Here the job is to retype the data word for word while leaving the pictures aside.

#### Data extract
==================================================

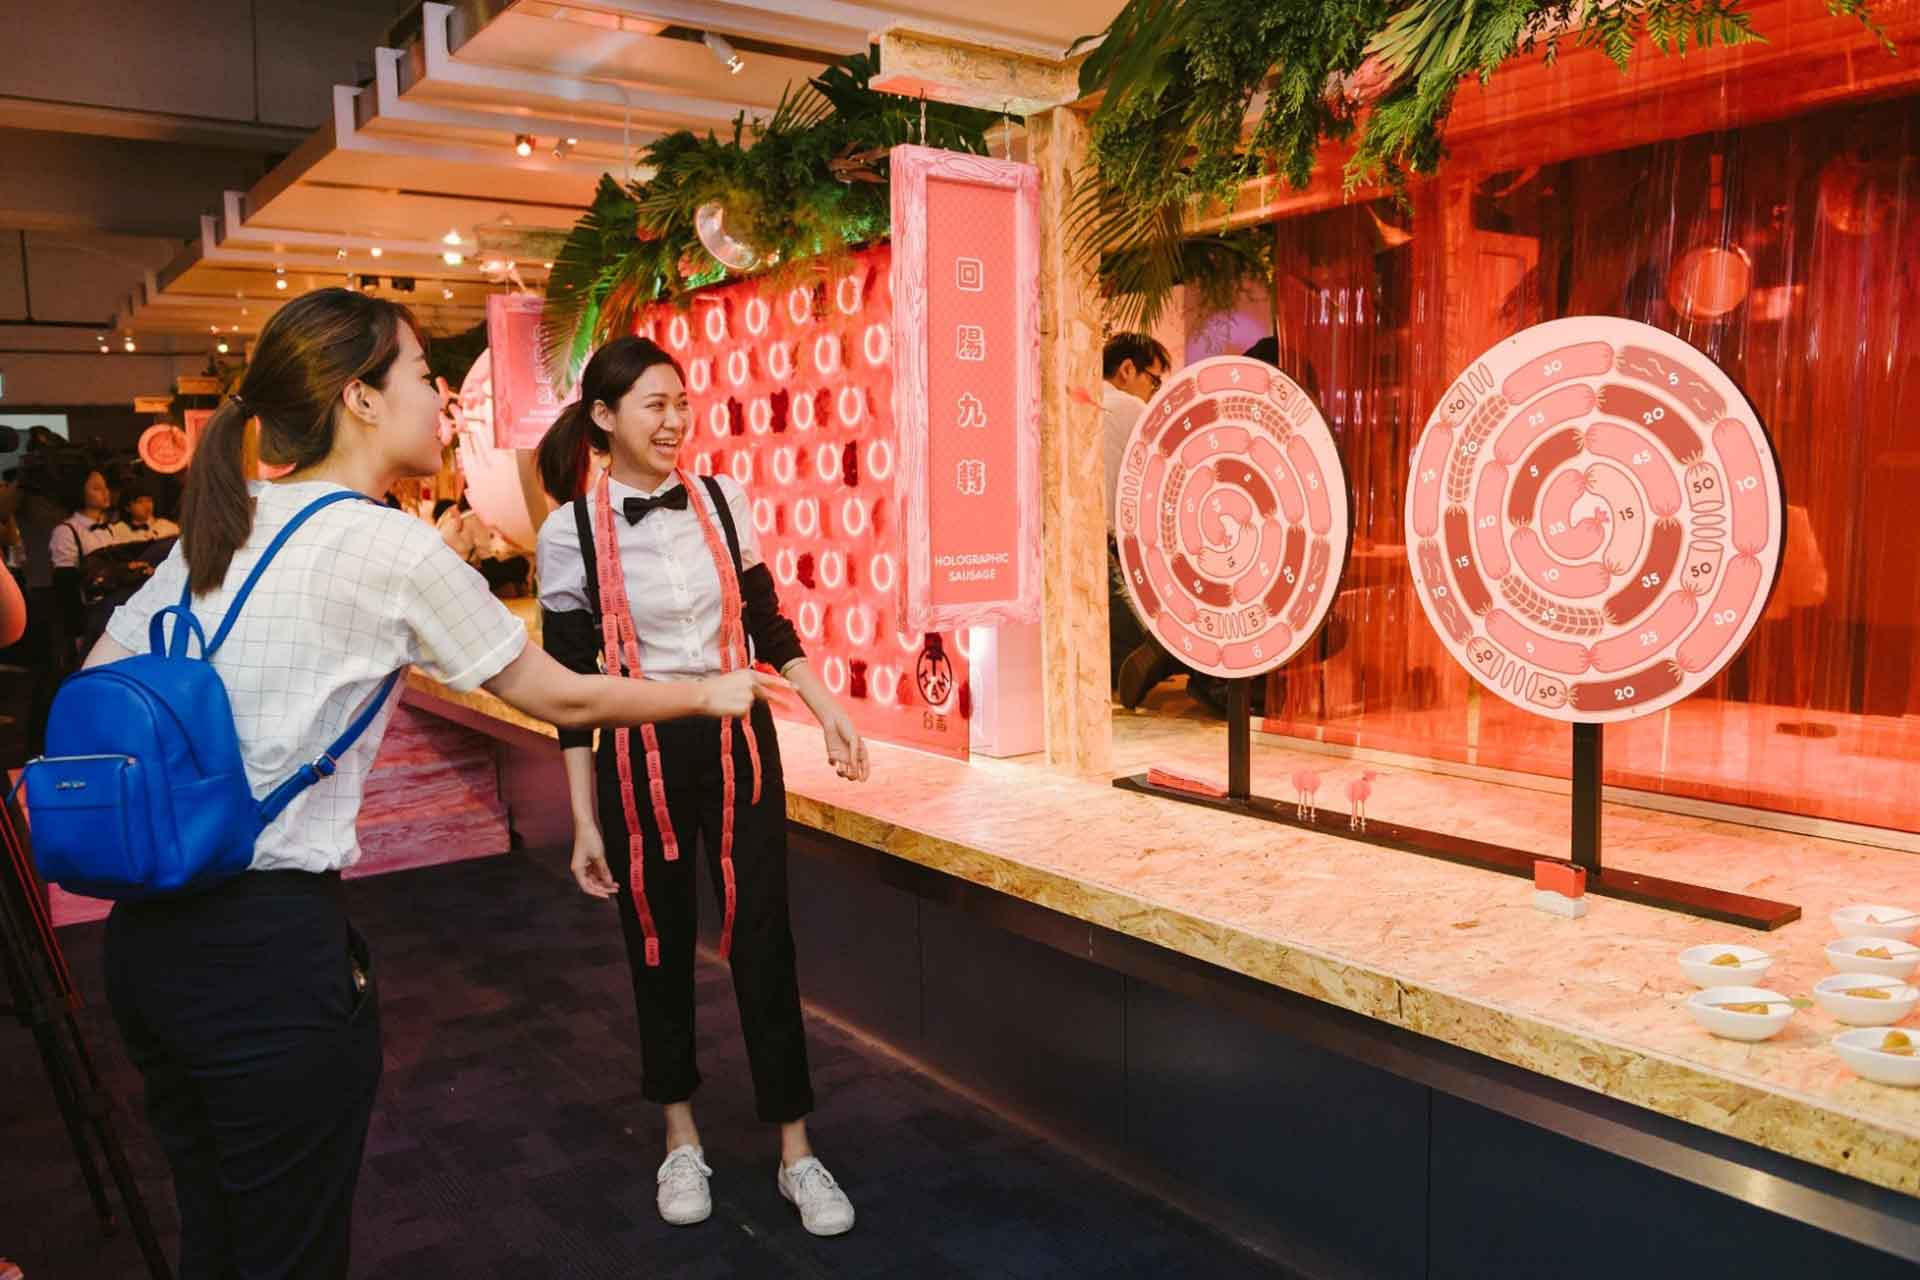 展場以熱鬧的臺灣傳統夜市為發想,還有類似夜市遊戲的趣味互動,圖為民眾體驗射飛鏢轉盤。
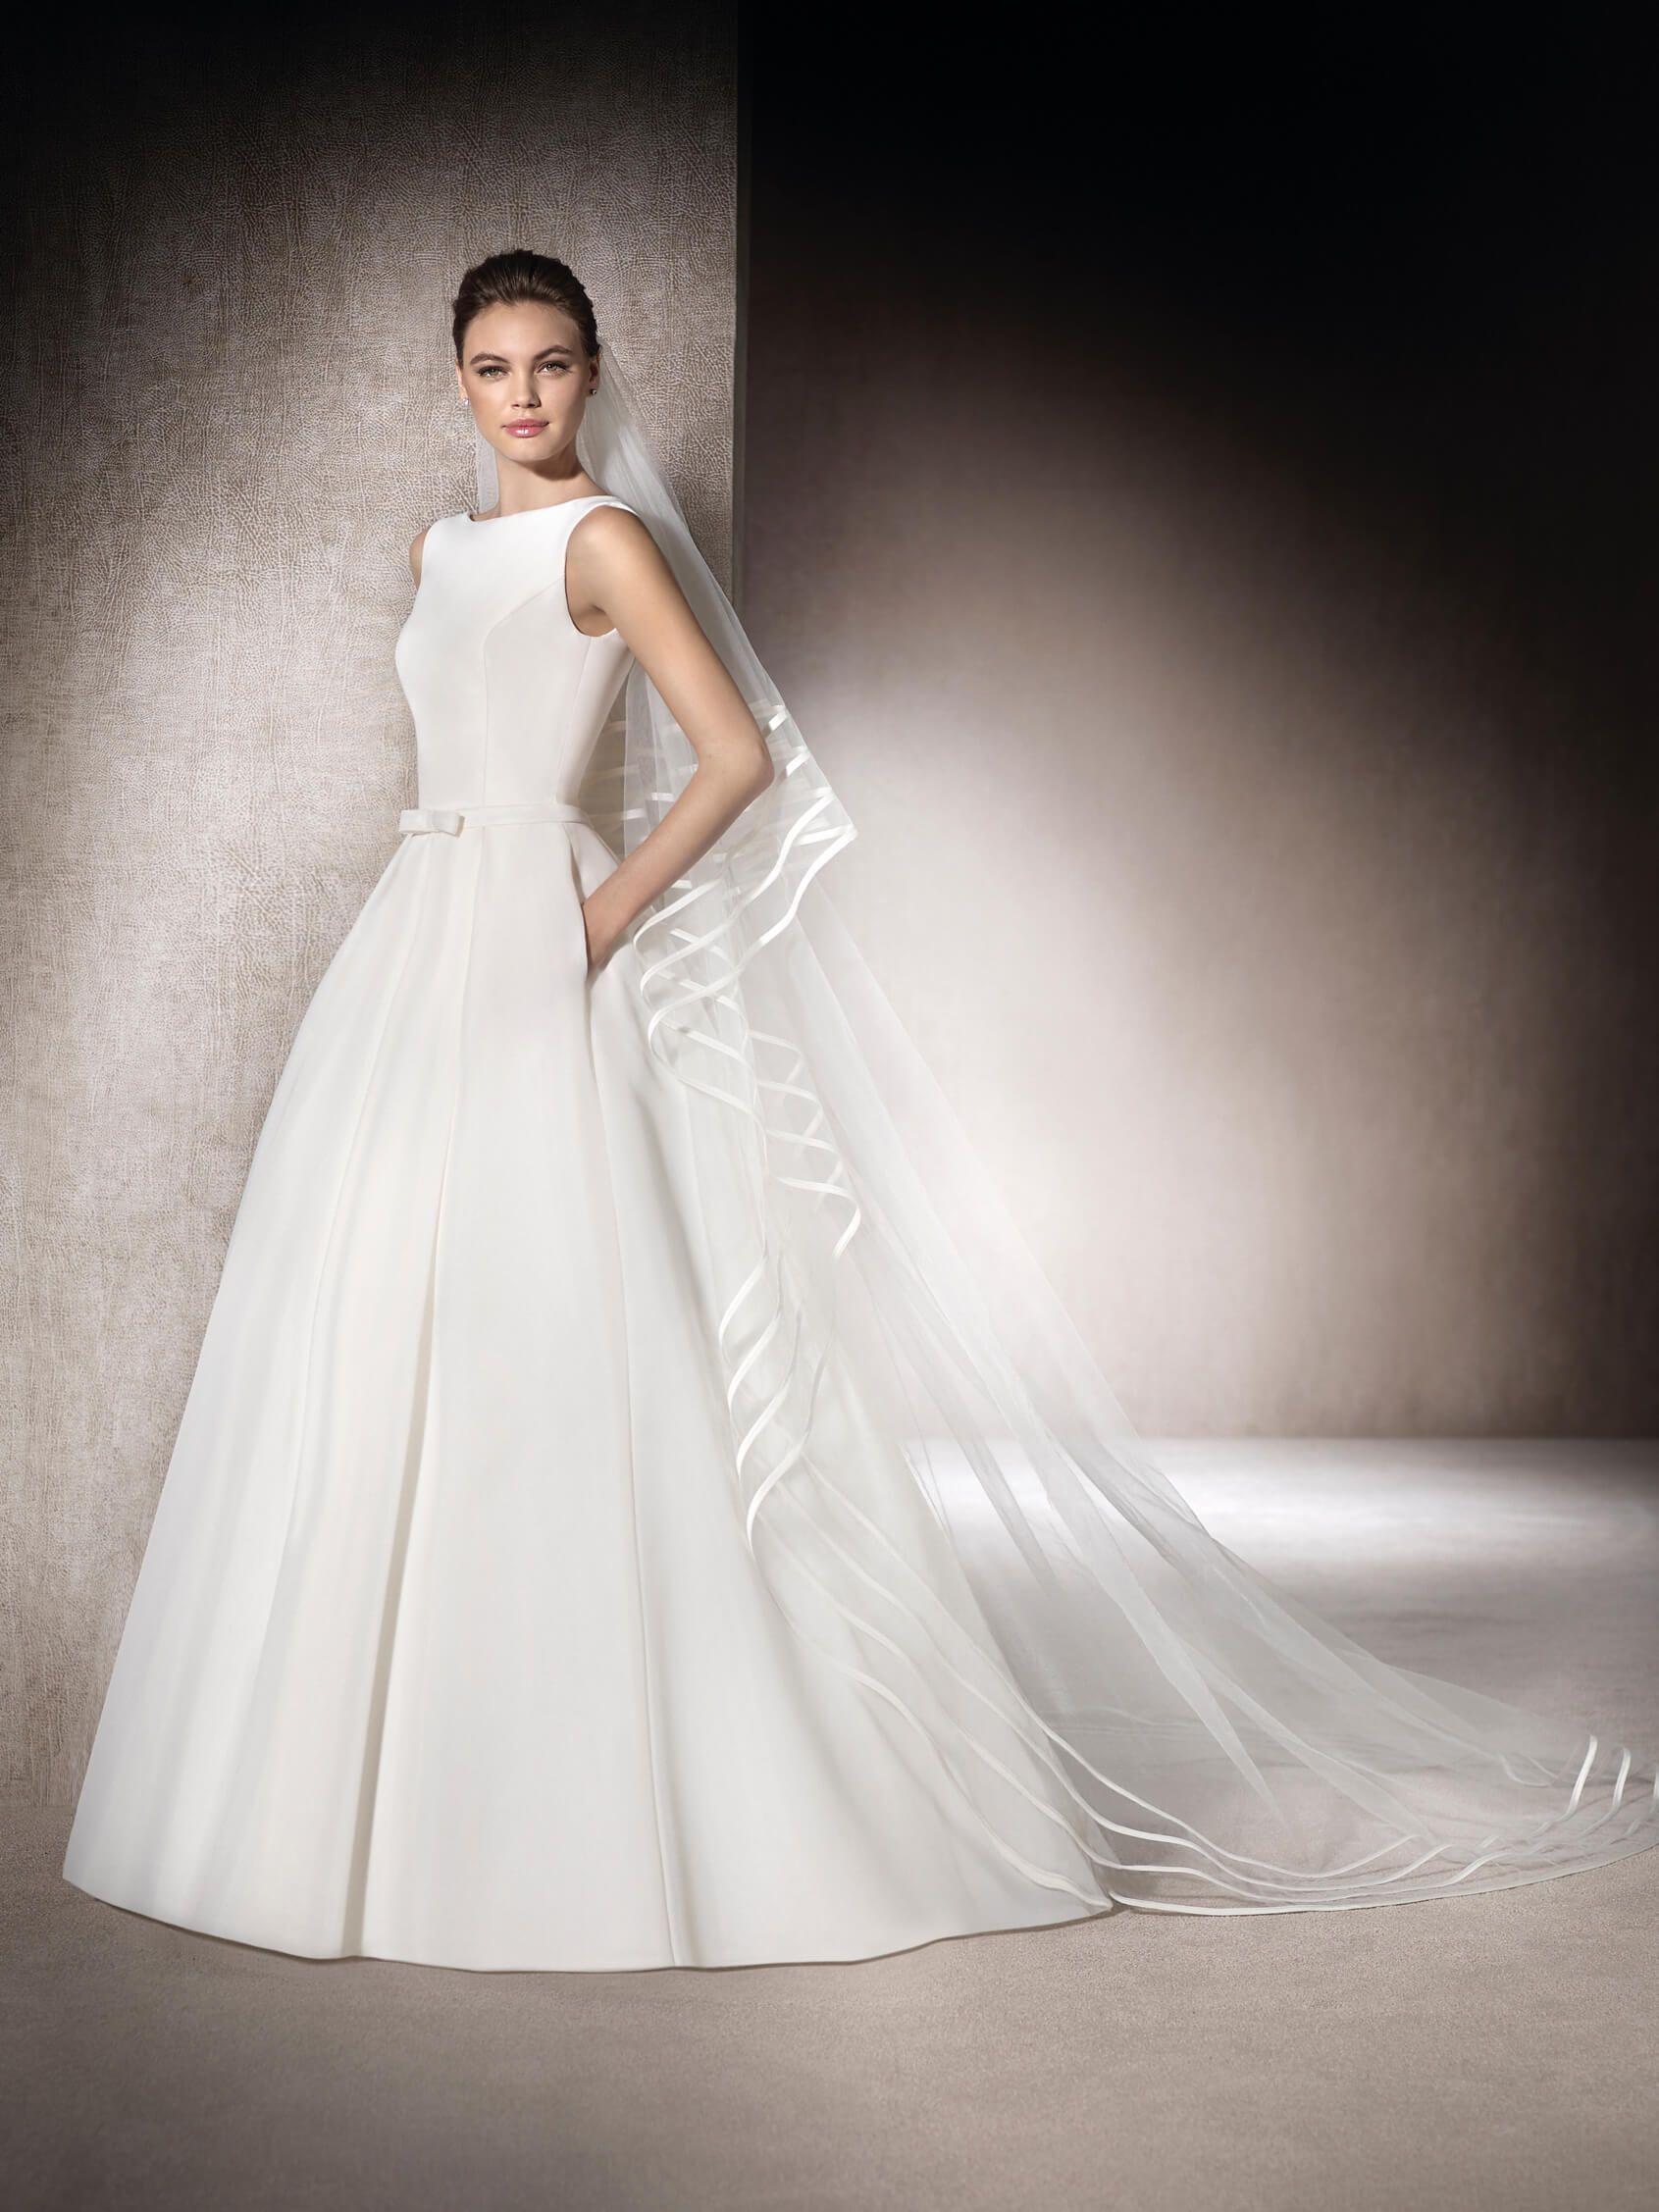 Merced wedding dress in garza with bateau neckline st patrick merced wedding dress in garza with bateau neckline st patrick ombrellifo Images
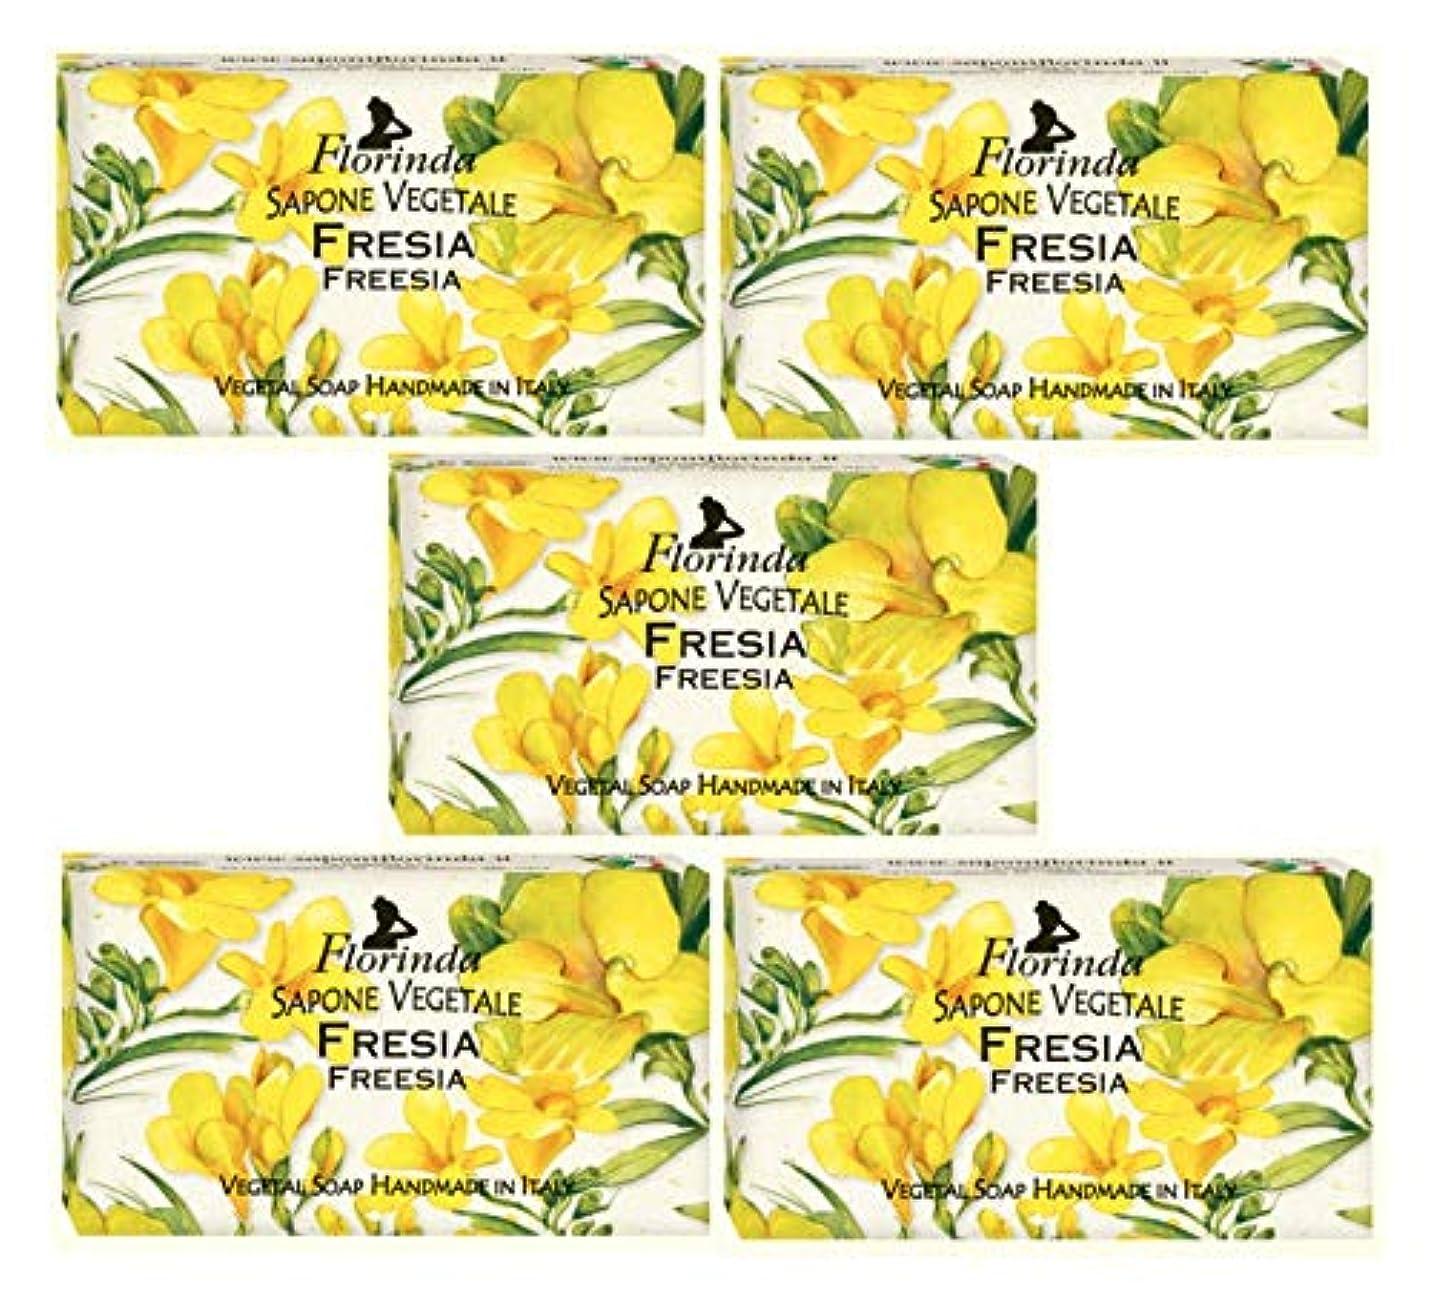 ジャベスウィルソンポテトできないフロリンダ フレグランスソープ 固形石けん 花の香り フリージア 95g×5個セット
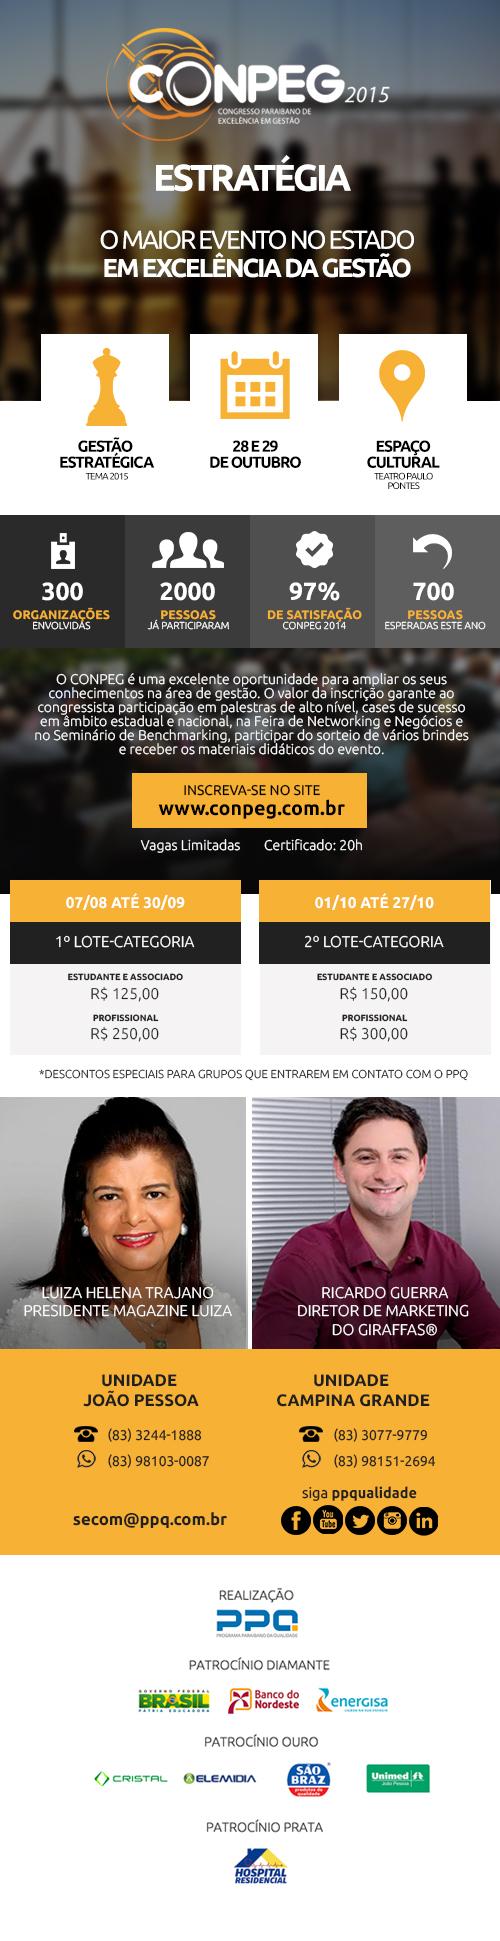 newsletter_conpeg_2015

==================================================

#### Response box
 展場以熱鬧的臺灣傳統夜市為發想,還有類似夜市遊戲的趣味互動,圖為民眾體驗射飛鏢轉盤。
 Merced wedding dress in garza with bateau neckline st patrick merced wedding dress in garza with bateau neckline st patrick ombrellifo Images
 ジャベスウィルソンポテトできないフロリンダ フレグランスソープ 固形石けん 花の香り フリージア 95g×5個セット
 newsletter_conpeg_2015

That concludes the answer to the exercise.